:: Data extract ::

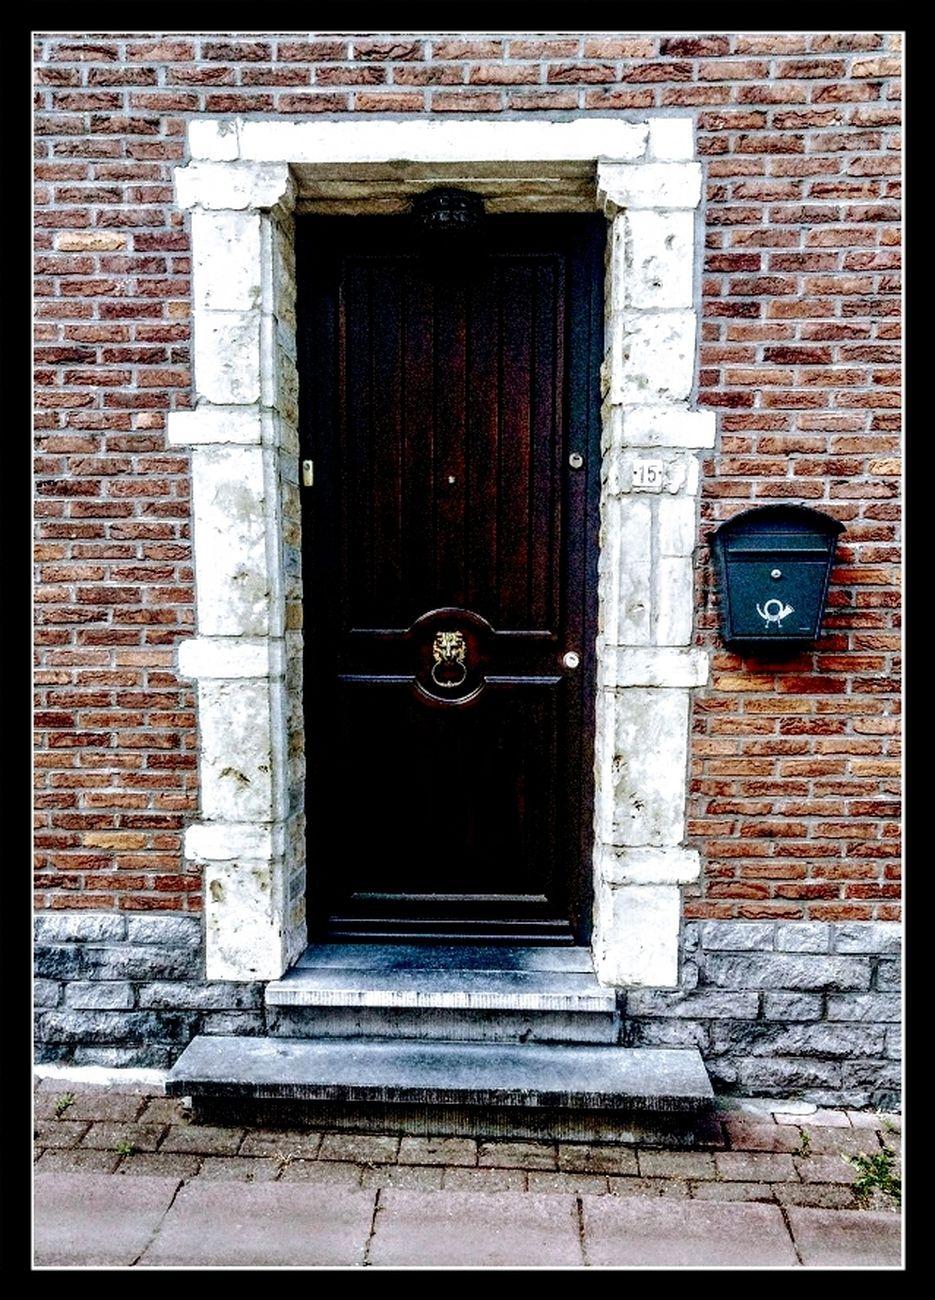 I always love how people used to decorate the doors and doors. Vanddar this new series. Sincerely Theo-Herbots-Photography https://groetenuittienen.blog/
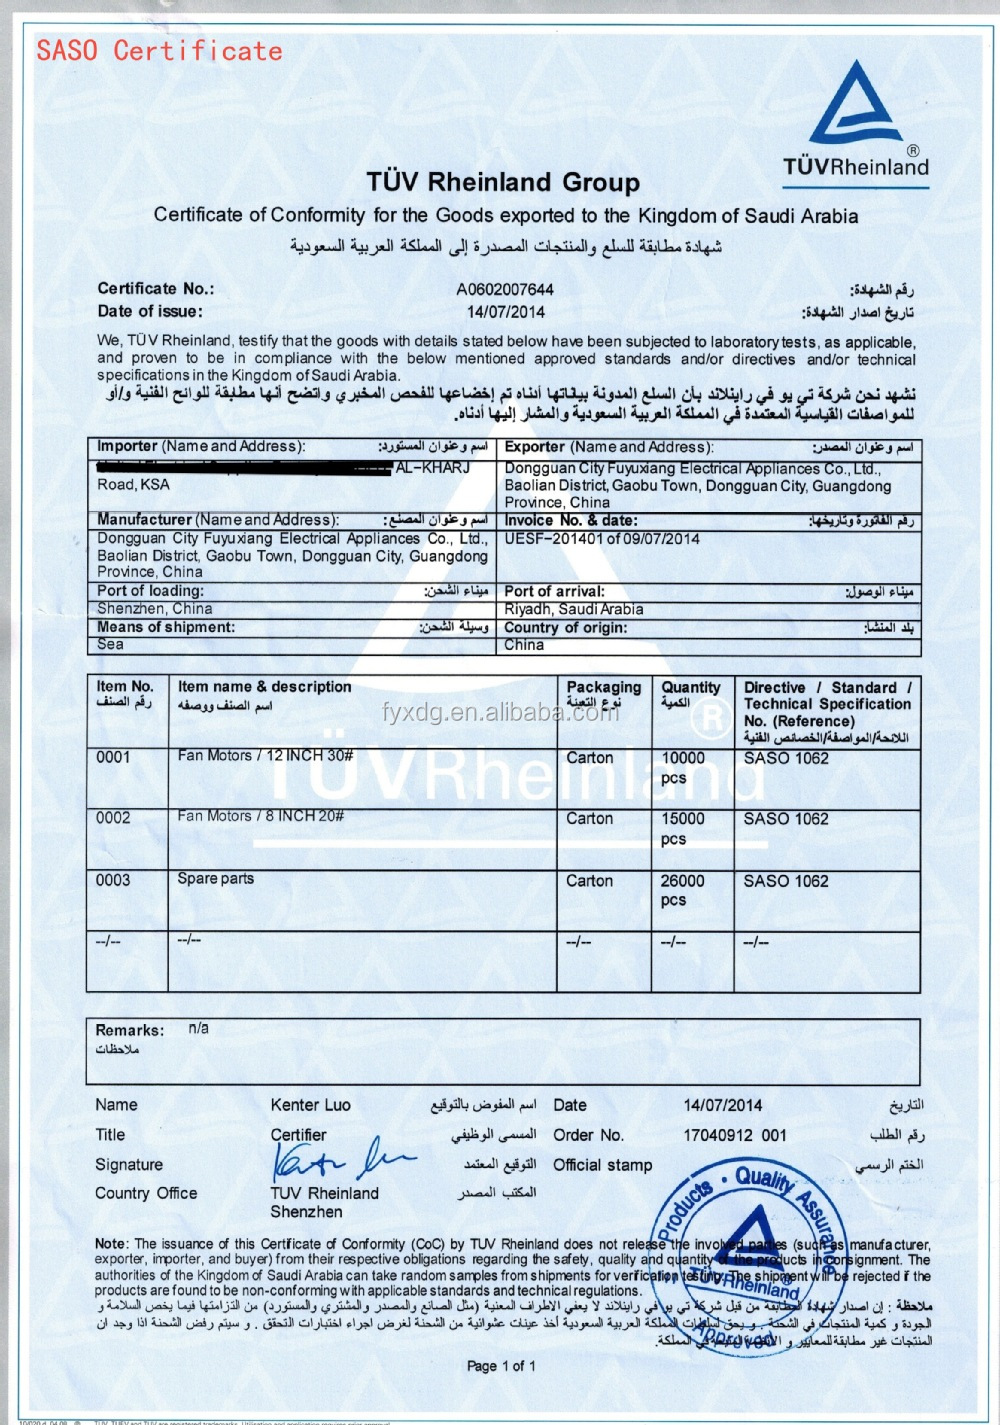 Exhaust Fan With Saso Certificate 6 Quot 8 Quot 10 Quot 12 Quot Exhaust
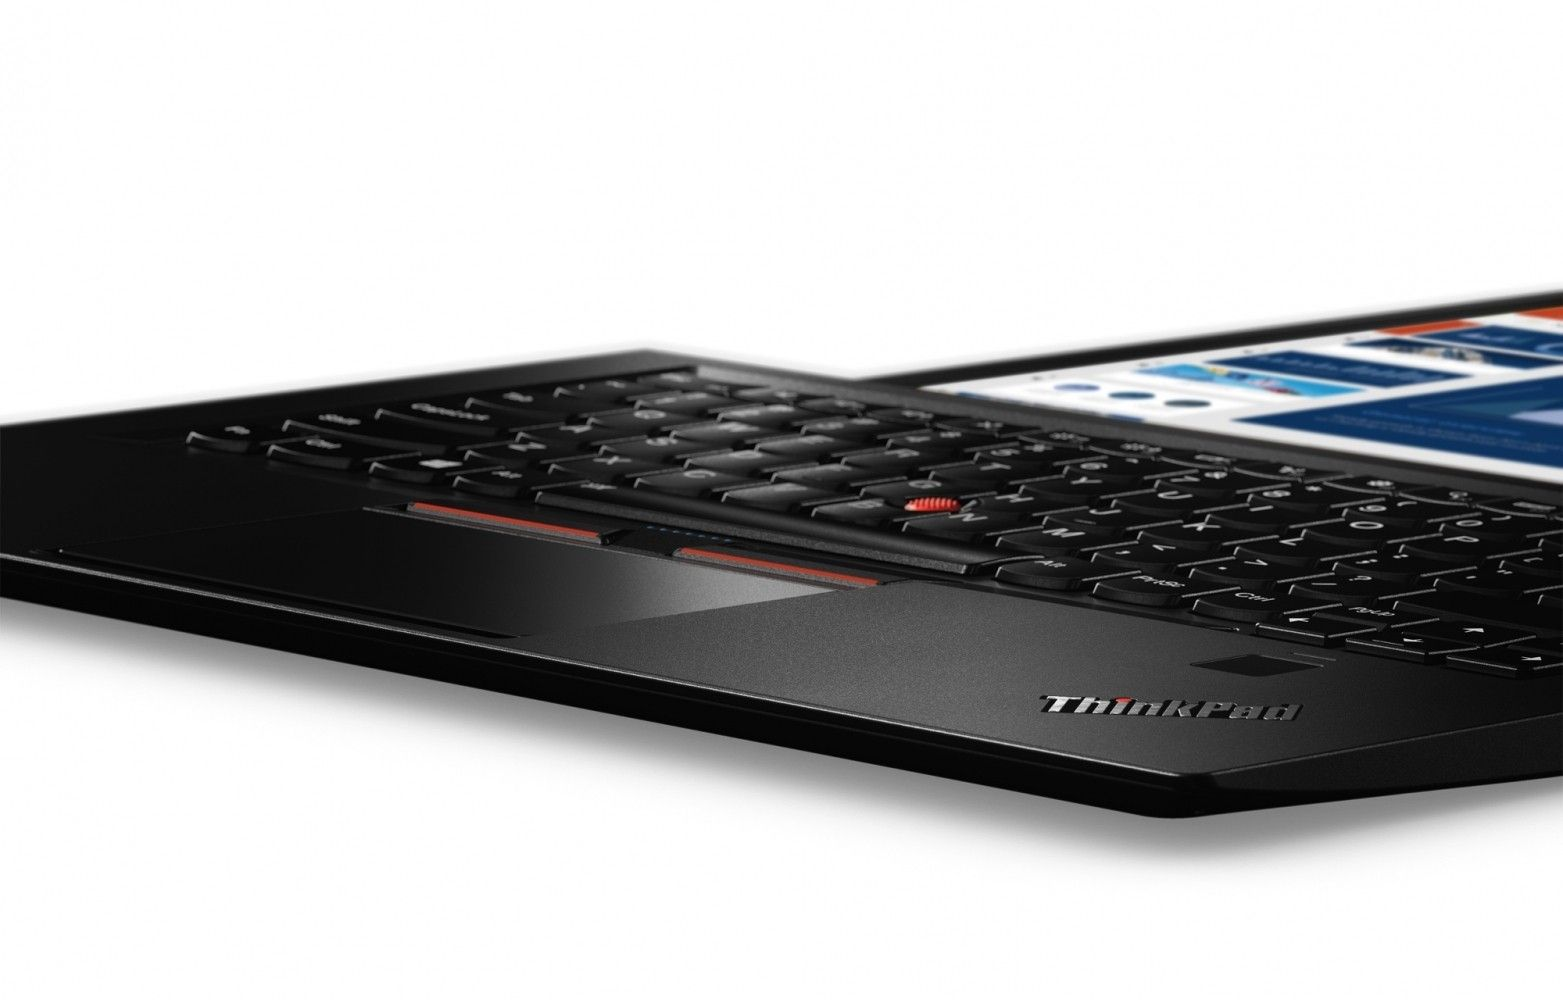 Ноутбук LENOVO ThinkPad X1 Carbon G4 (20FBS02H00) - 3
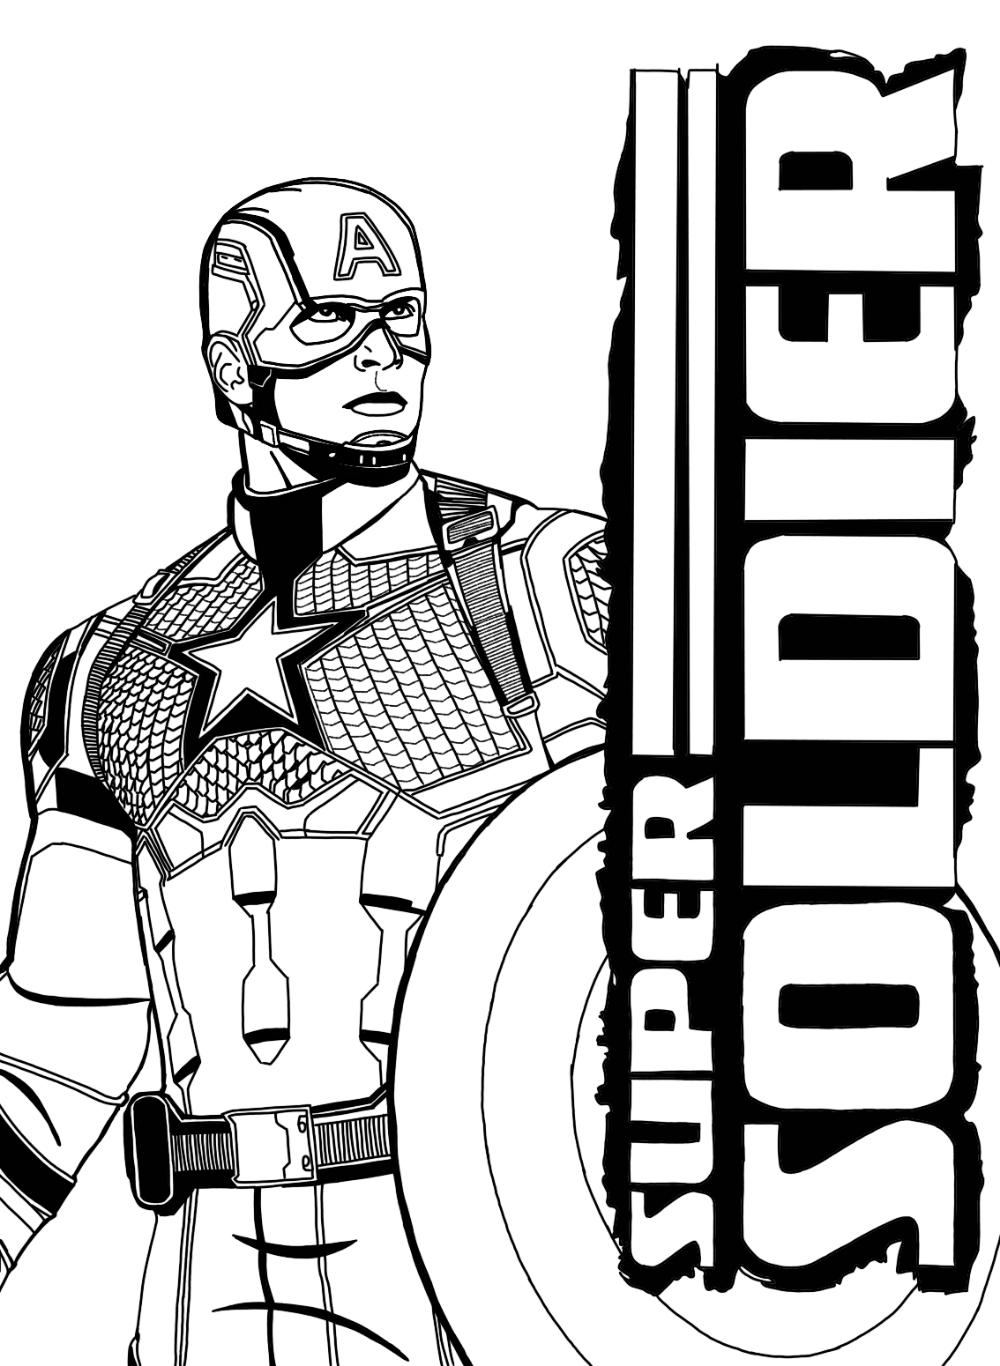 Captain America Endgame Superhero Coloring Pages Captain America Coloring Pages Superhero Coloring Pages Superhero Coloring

:::

All of the material above should be copied exactly, minus the pictures.

 I always love how people used to decorate the doors and doors. Vanddar this new series. Sincerely Theo-Herbots-Photography https://groetenuittienen.blog/
 Exhaust Fan With Saso Certificate 6 Quot 8 Quot 10 Quot 12 Quot Exhaust
 Ноутбук LENOVO ThinkPad X1 Carbon G4 (20FBS02H00) - 3
 Captain America Endgame Superhero Coloring Pages Captain America Coloring Pages Superhero Coloring Pages Superhero Coloring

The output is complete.